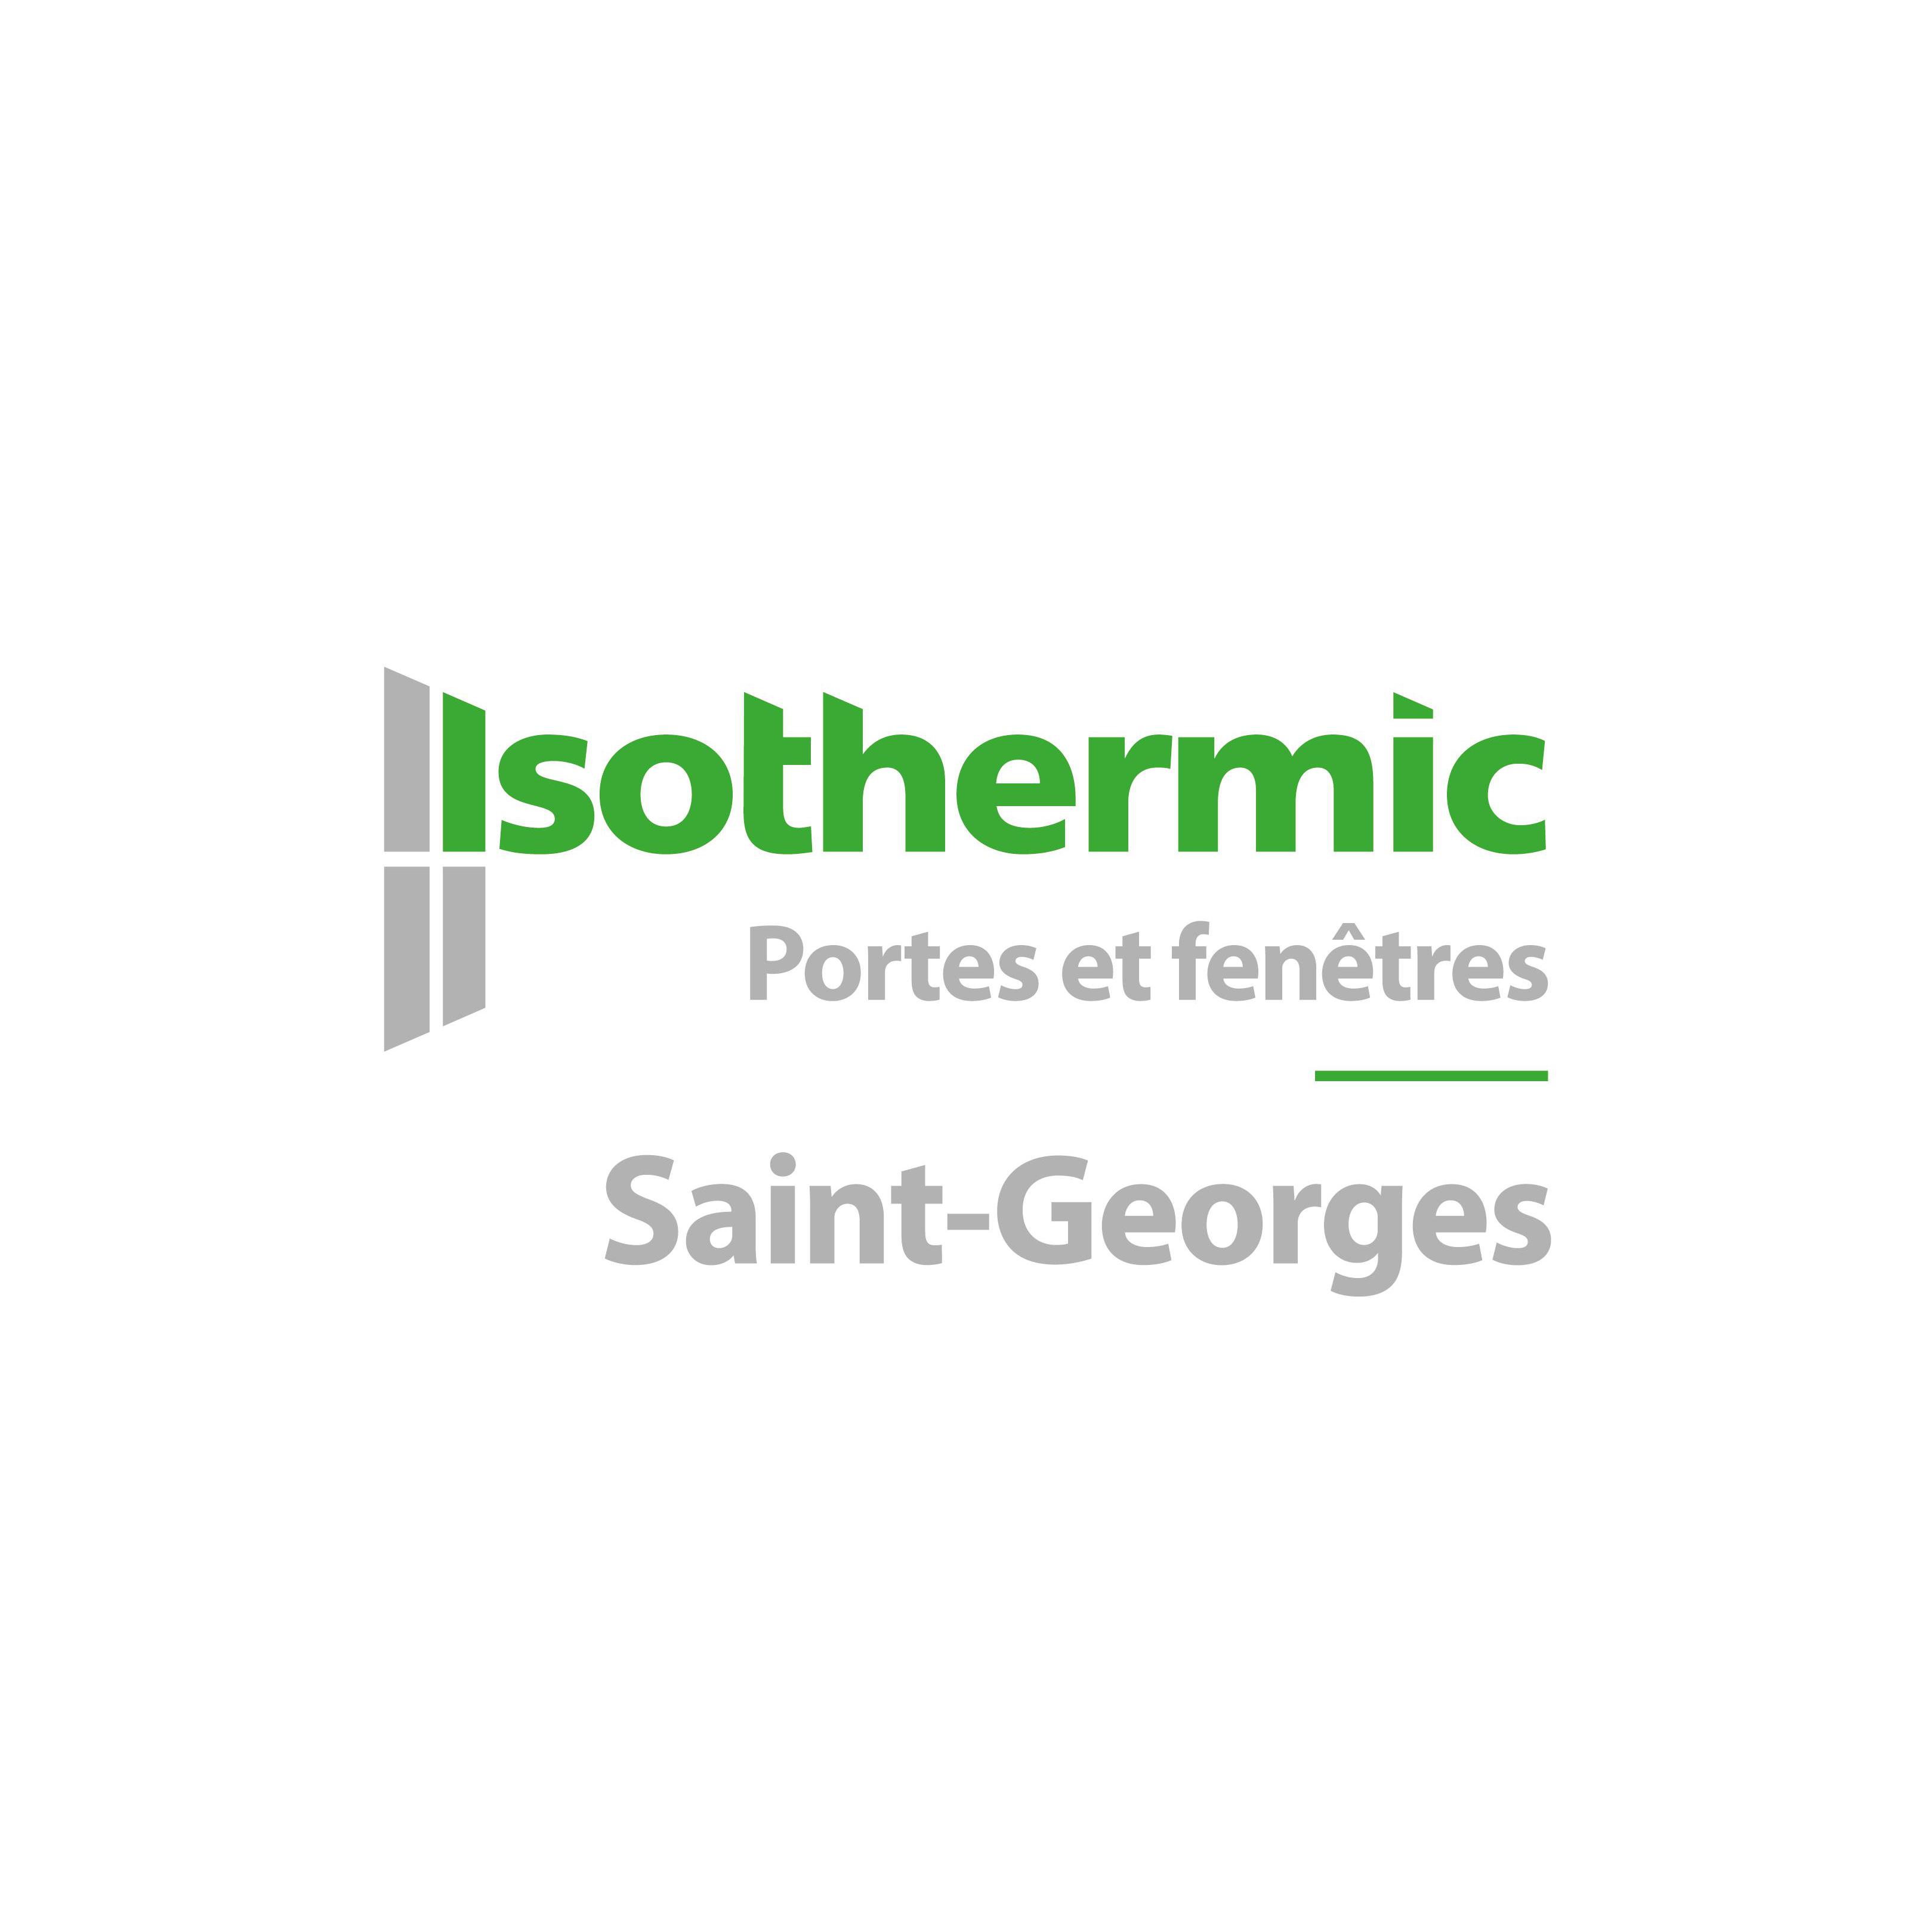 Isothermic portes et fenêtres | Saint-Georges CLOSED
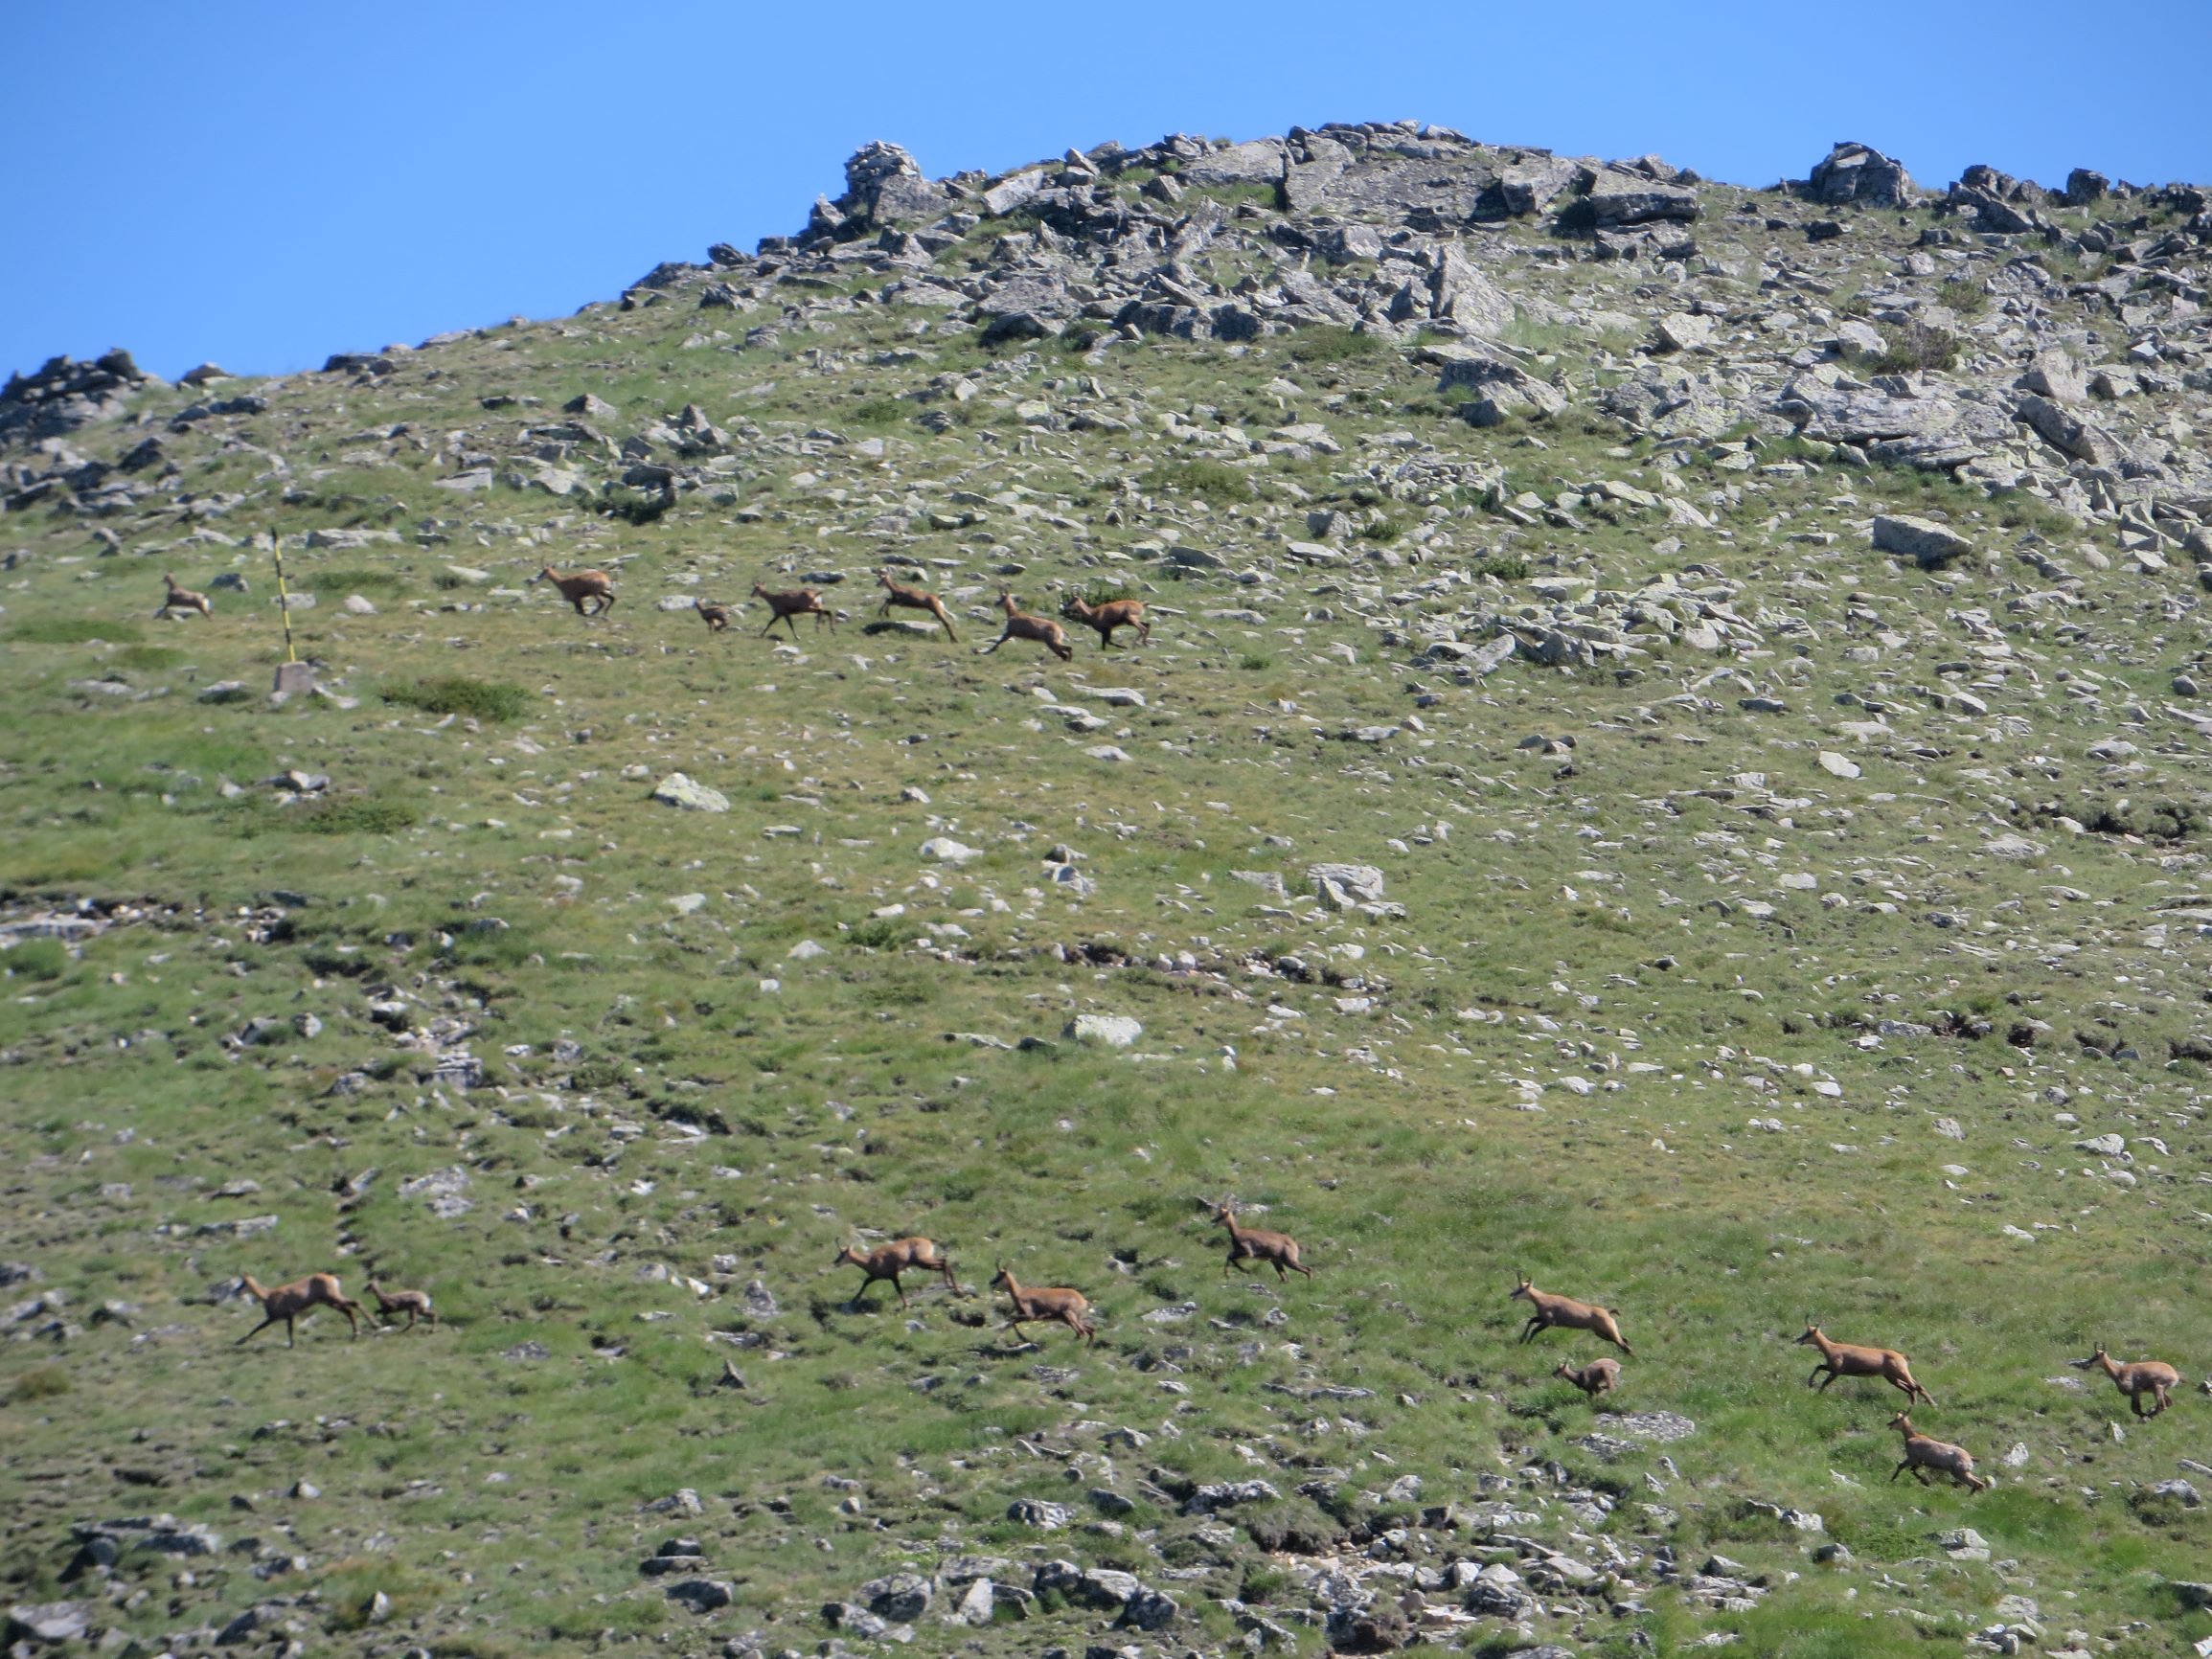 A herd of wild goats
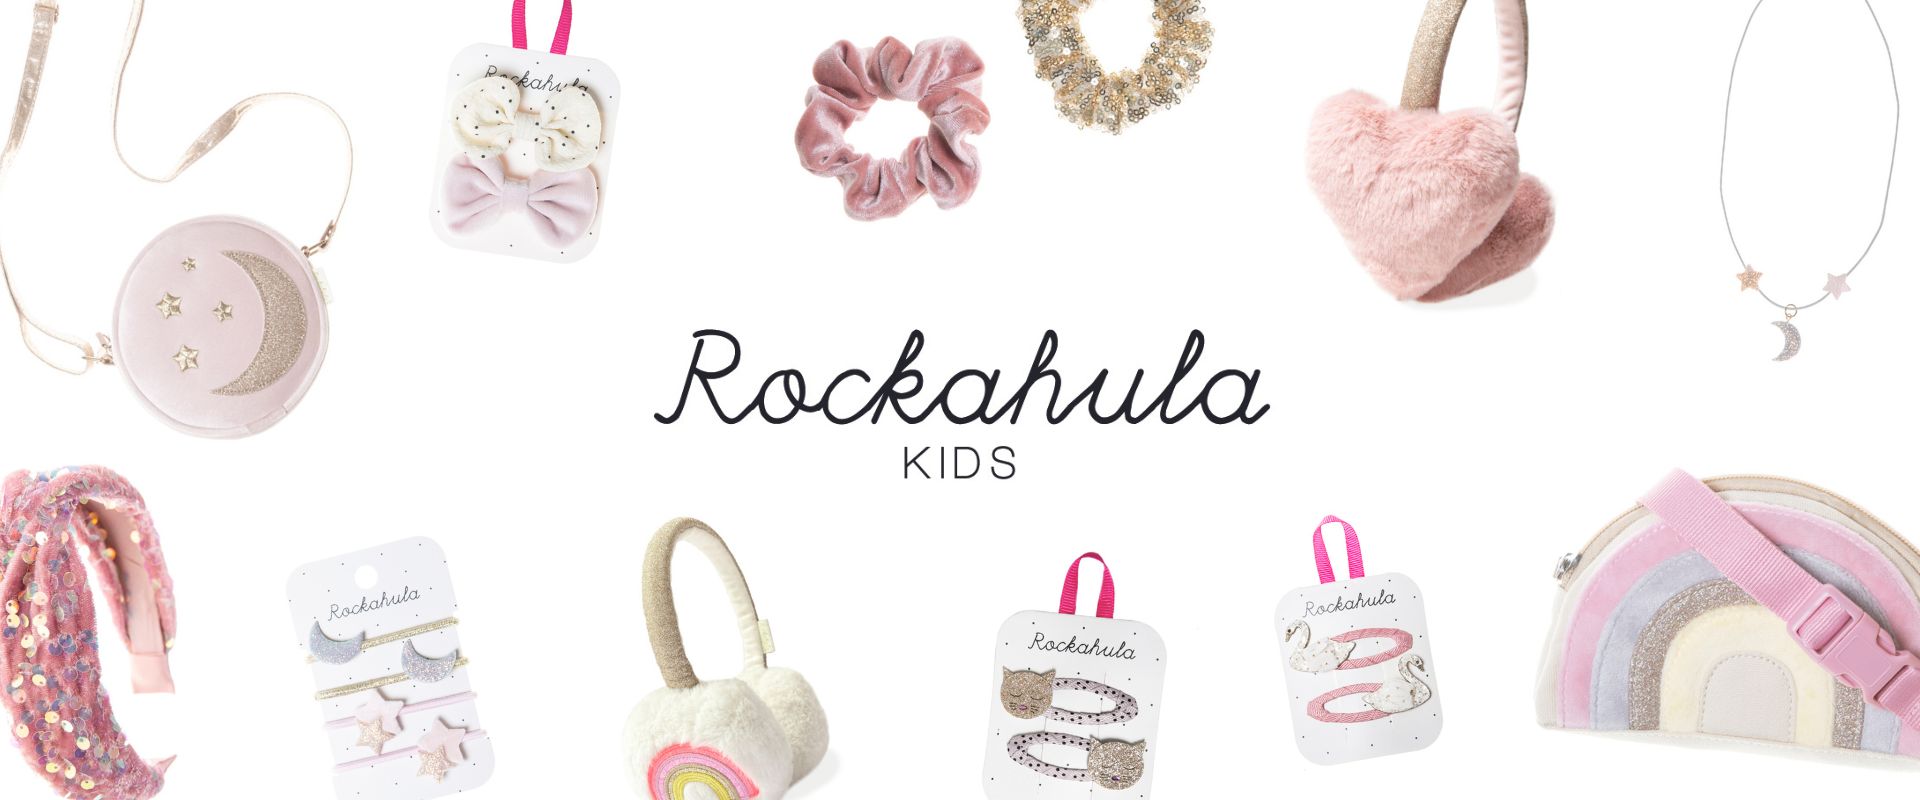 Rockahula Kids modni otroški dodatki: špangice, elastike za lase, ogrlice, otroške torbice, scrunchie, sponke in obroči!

• [Exercise goal]
When you retype the material above, keep every word exact and drop the images.

• [The completed task]
 Isothermic portes et fenêtres | Saint-Georges CLOSED
 A herd of wild goats
 Rockahula Kids modni otroški dodatki: špangice, elastike za lase, ogrlice, otroške torbice, scrunchie, sponke in obroči!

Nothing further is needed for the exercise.